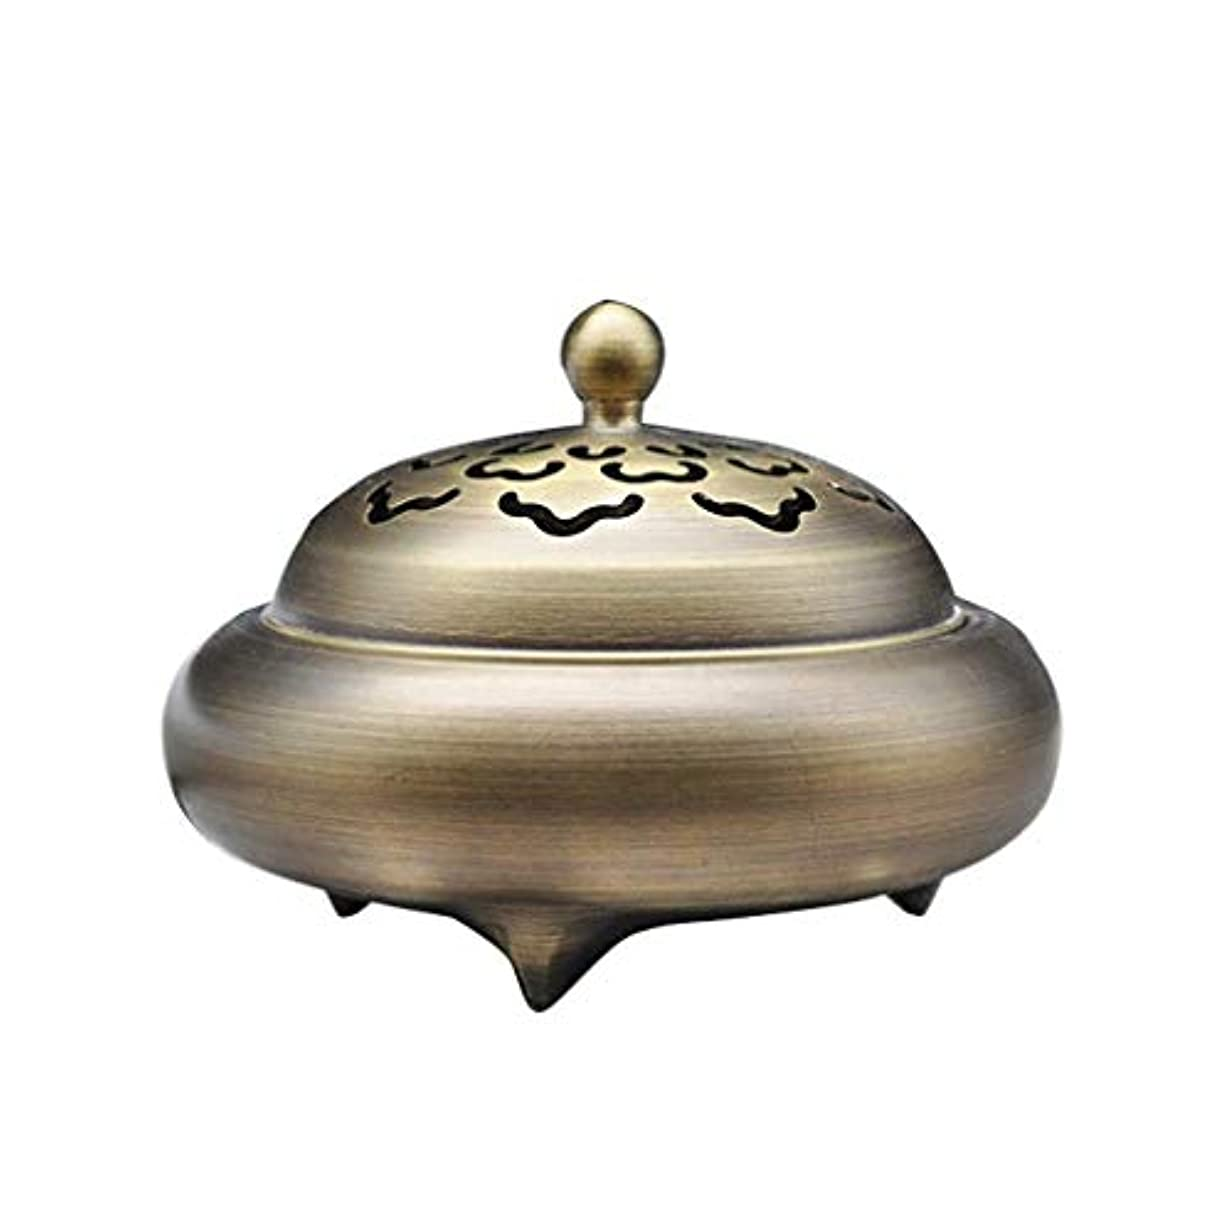 食料品店非難するやむを得ないホームアロマバーナー レトロバーナー純銅香バーナーホーム屋内白檀炉香バーナー香道路装飾 芳香器アロマバーナー (Color : Brass)
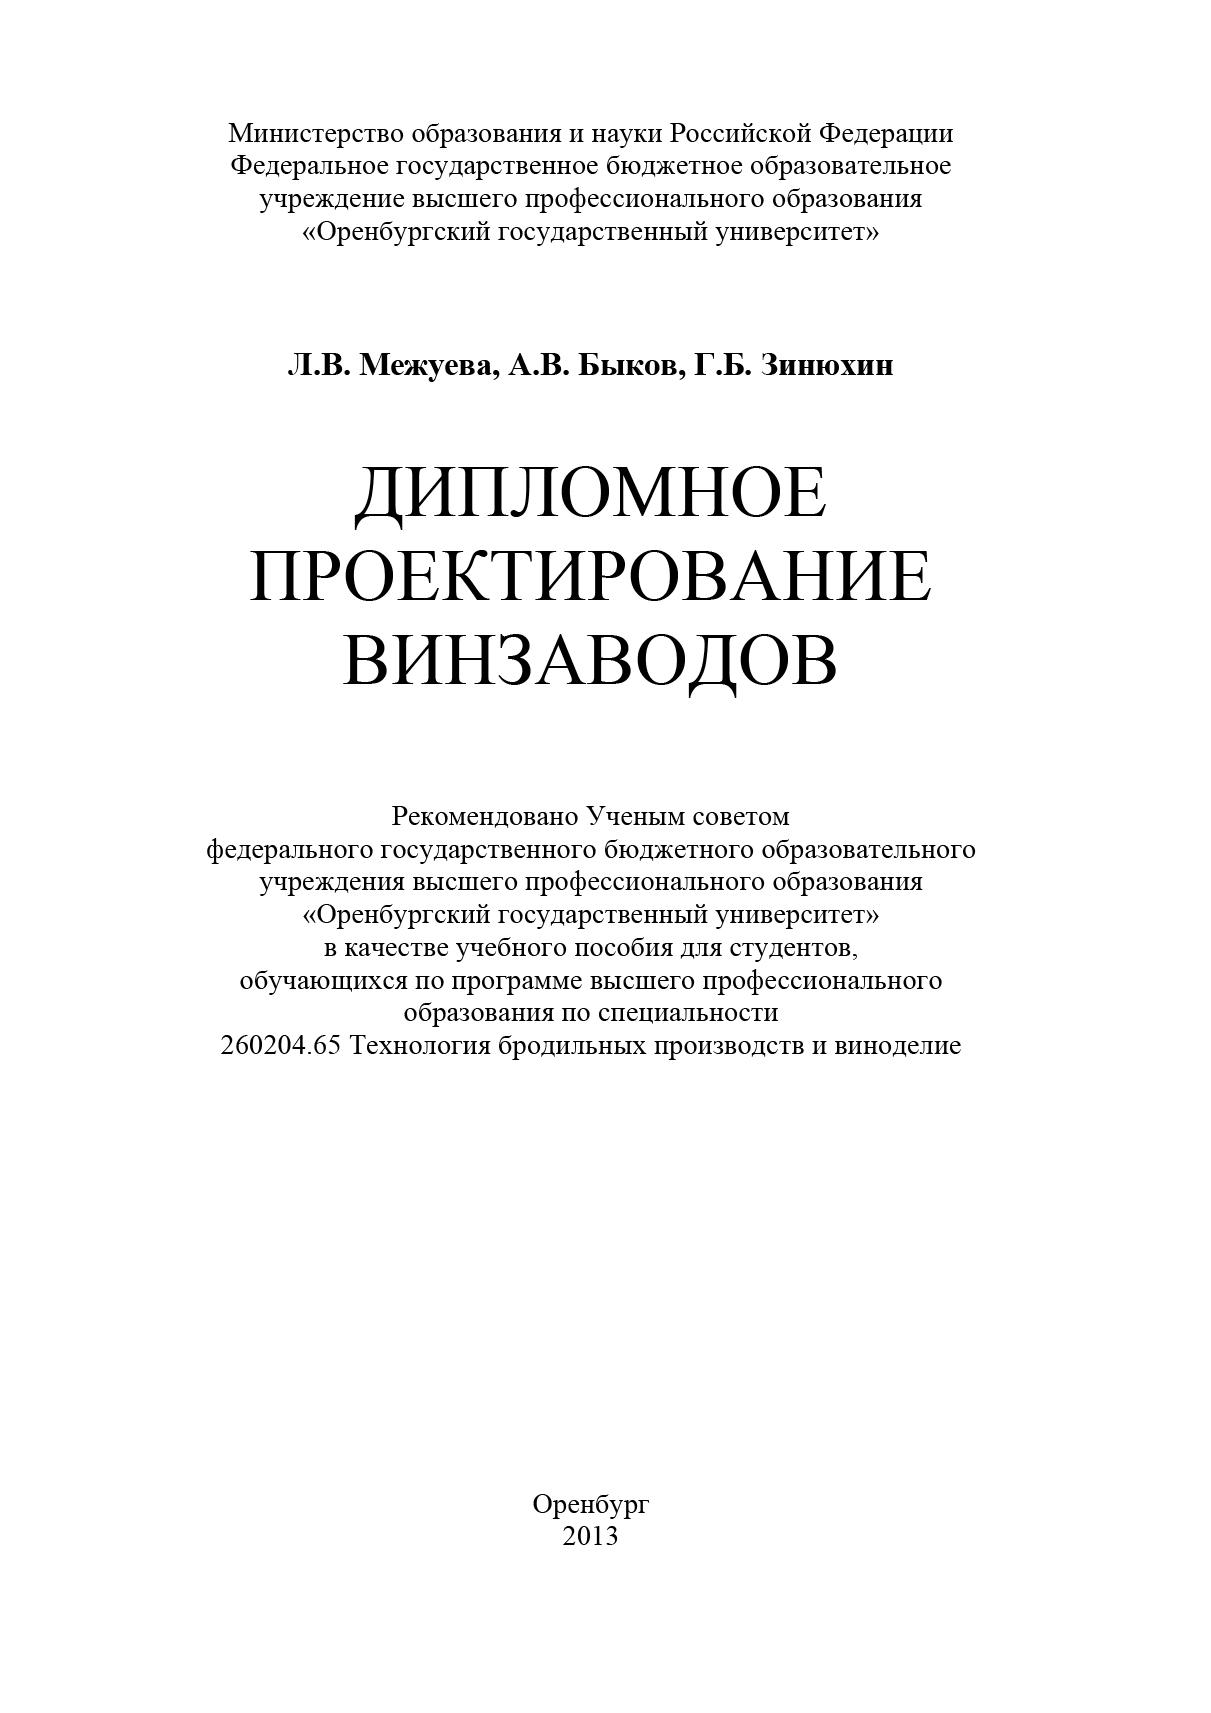 фото обложки издания Дипломное проектирование винзаводов
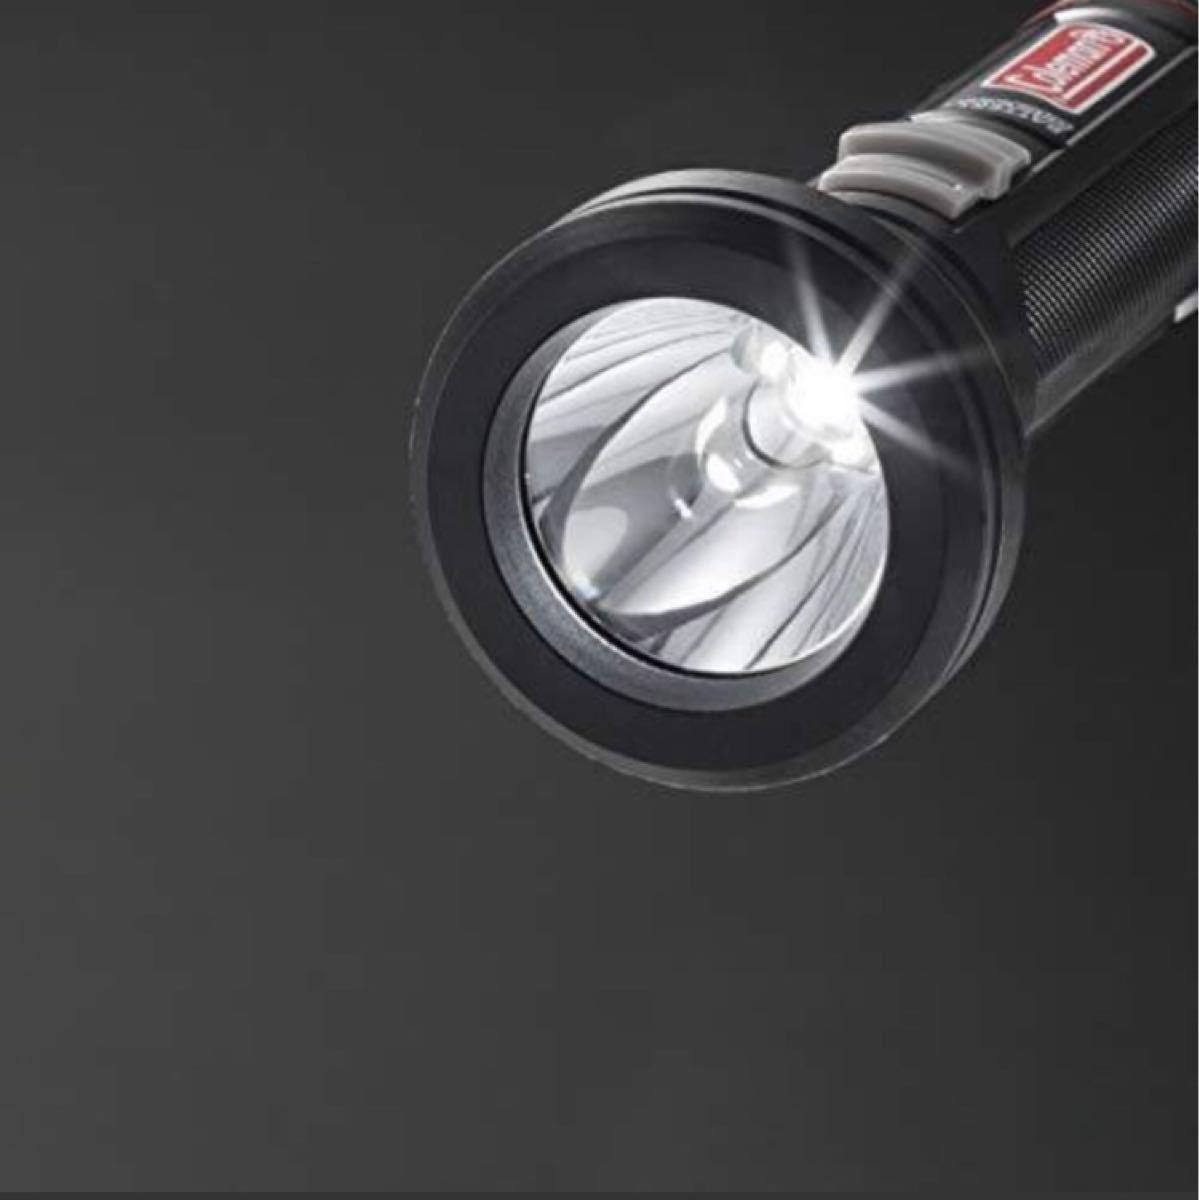 コールマン(Coleman) バッテリーガード LED フラッシュライト 350 完売品

▶ Required action
Copy exactly the lines running from the line with "фото обложки издания" to the final line of the listing, keeping both ends and dropping any picture.

▶ Expected output
 фото обложки издания Дипломное проектирование винзаводов
 コールマン(Coleman) バッテリーガード LED フラッシュライト 350 完売品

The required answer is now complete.